This solves the RabbitMQ late-subscriber problem: when a process restarts,
its fresh queue has no historical messages, so it never receives the current
config state. With the notify pattern, the push queue is only a signal — the
source of truth is the config service's request/response API, which is
always available.
## Problem
On Pulsar, `state` class queues are persistent topics. A new subscriber
with `InitialPosition.Earliest` reads from message 0 and receives the
last config push. On RabbitMQ, each subscriber gets a fresh per-subscriber
queue (named with a new UUID). Messages published before the queue existed
are gone. A restarting processor never gets the current config.
## Design
### The Notify Message
The `ConfigPush` schema changes from carrying the full config to carrying
just a version number and the list of affected config types:
```python
@dataclass
class ConfigPush:
version: int = 0
types: list[str] = field(default_factory=list)
```
When the config service handles a `put` or `delete`, it knows which types
were affected (from the request's `values[].type` or `keys[].type`). It
includes those in the notify. On startup, the config service sends a notify
with an empty types list (meaning "everything").
### Subscribe-then-Fetch Startup (No Race Condition)
The critical ordering to avoid missing an update:
1. **Subscribe** to the config push queue. Buffer incoming notify messages.
2. **Fetch** the full config via request/response (`operation: "config"`).
This returns the config dict and a version number.
3. **Apply** the fetched config to all registered handlers.
4. **Process** buffered notifys. For any notify with `version > fetched_version`,
re-fetch and re-apply. Discard notifys with `version <= fetched_version`.
5. **Enter steady state**. Process future notifys as they arrive.
This is safe because:
- If an update happens before the subscription, the fetch picks it up.
- If an update happens between subscribe and fetch, it's in the buffer.
- If an update happens after the fetch, it arrives on the queue normally.

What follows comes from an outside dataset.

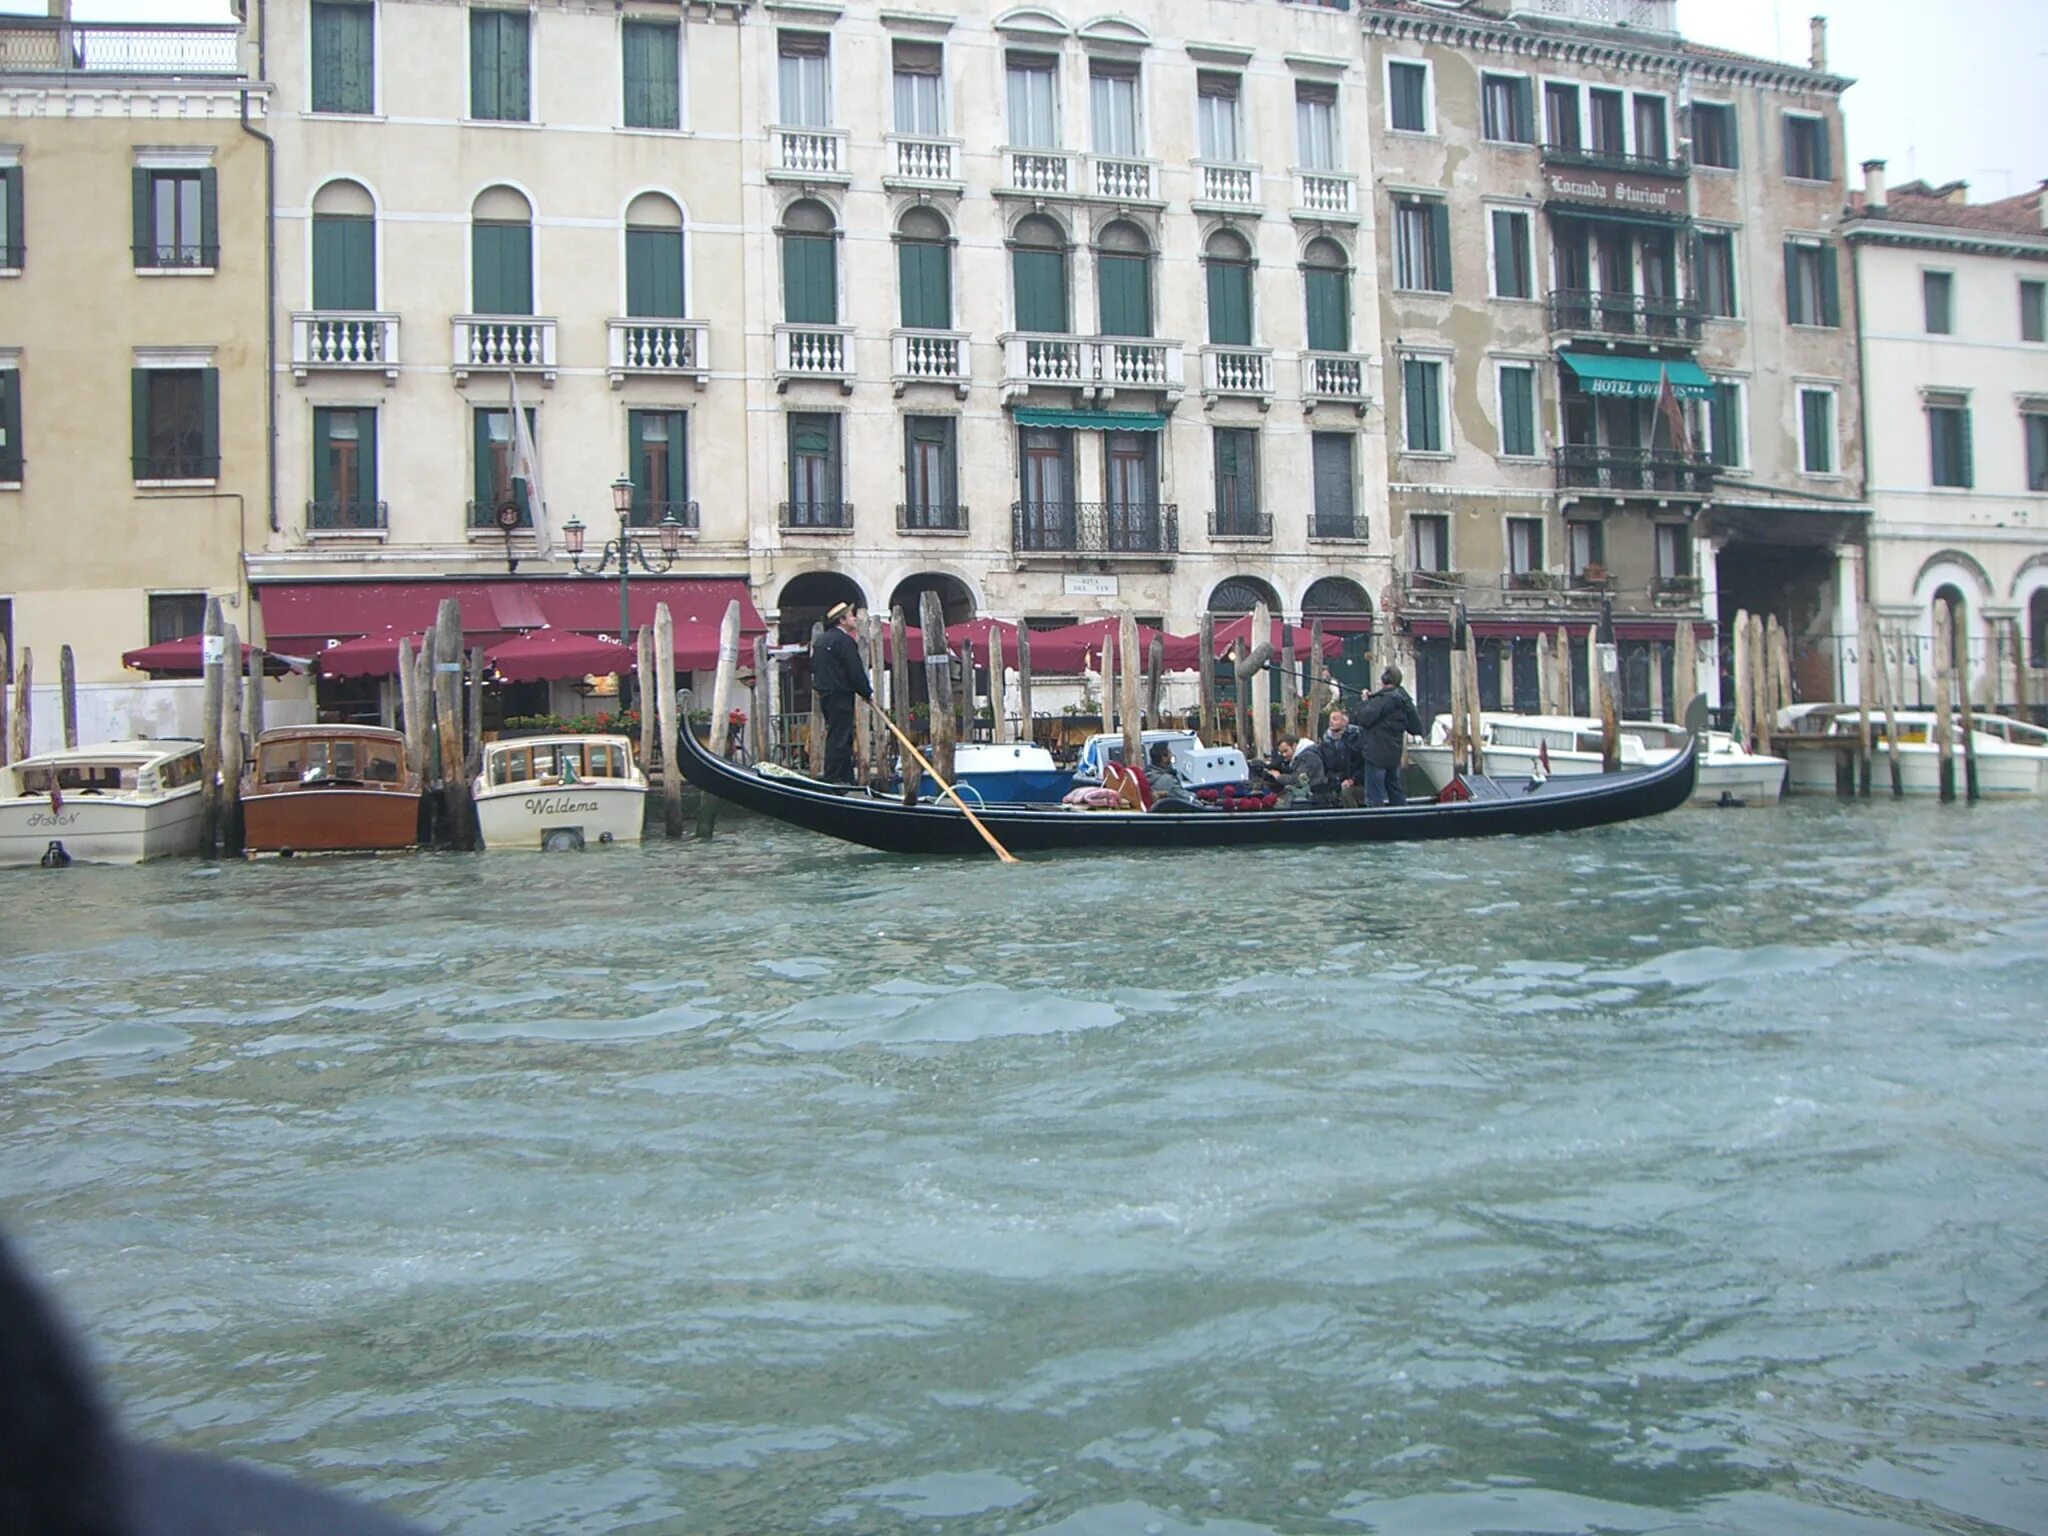 Вивальди венеция

- Version comparison ensures no duplicate processing.
### Processor API
The current API requires processors to understand the full config dict
structure. The new API should be cleaner — processors declare which config
types they care about and provide a handler that receives only the relevant
config subset.
#### Current API
```python
# In processor __init__:
self.register_config_handler(self.on_configure_flows)
# Handler receives the entire config dict:
async def on_configure_flows(self, config, version):
if "active-flow" not in config:
return
if self.id in config["active-flow"]:
flow_config = json.loads(config["active-flow"][self.id])
# ...
```
#### New API
```python
# In processor __init__:
self.register_config_handler(
handler=self.on_configure_flows,
types=["active-flow"],
)
# Handler receives only the relevant config subset, same signature:
async def on_configure_flows(self, config, version):
# config still contains the full dict, but handler is only called
# when "active-flow" type changes (or on startup)
if "active-flow" not in config:
return
# ...
```
The `types` parameter is optional. If omitted, the handler is called for
every config change (backward compatible). If specified, the handler is
only invoked when the notify's `types` list intersects with the handler's
types, or on startup (empty types list = everything).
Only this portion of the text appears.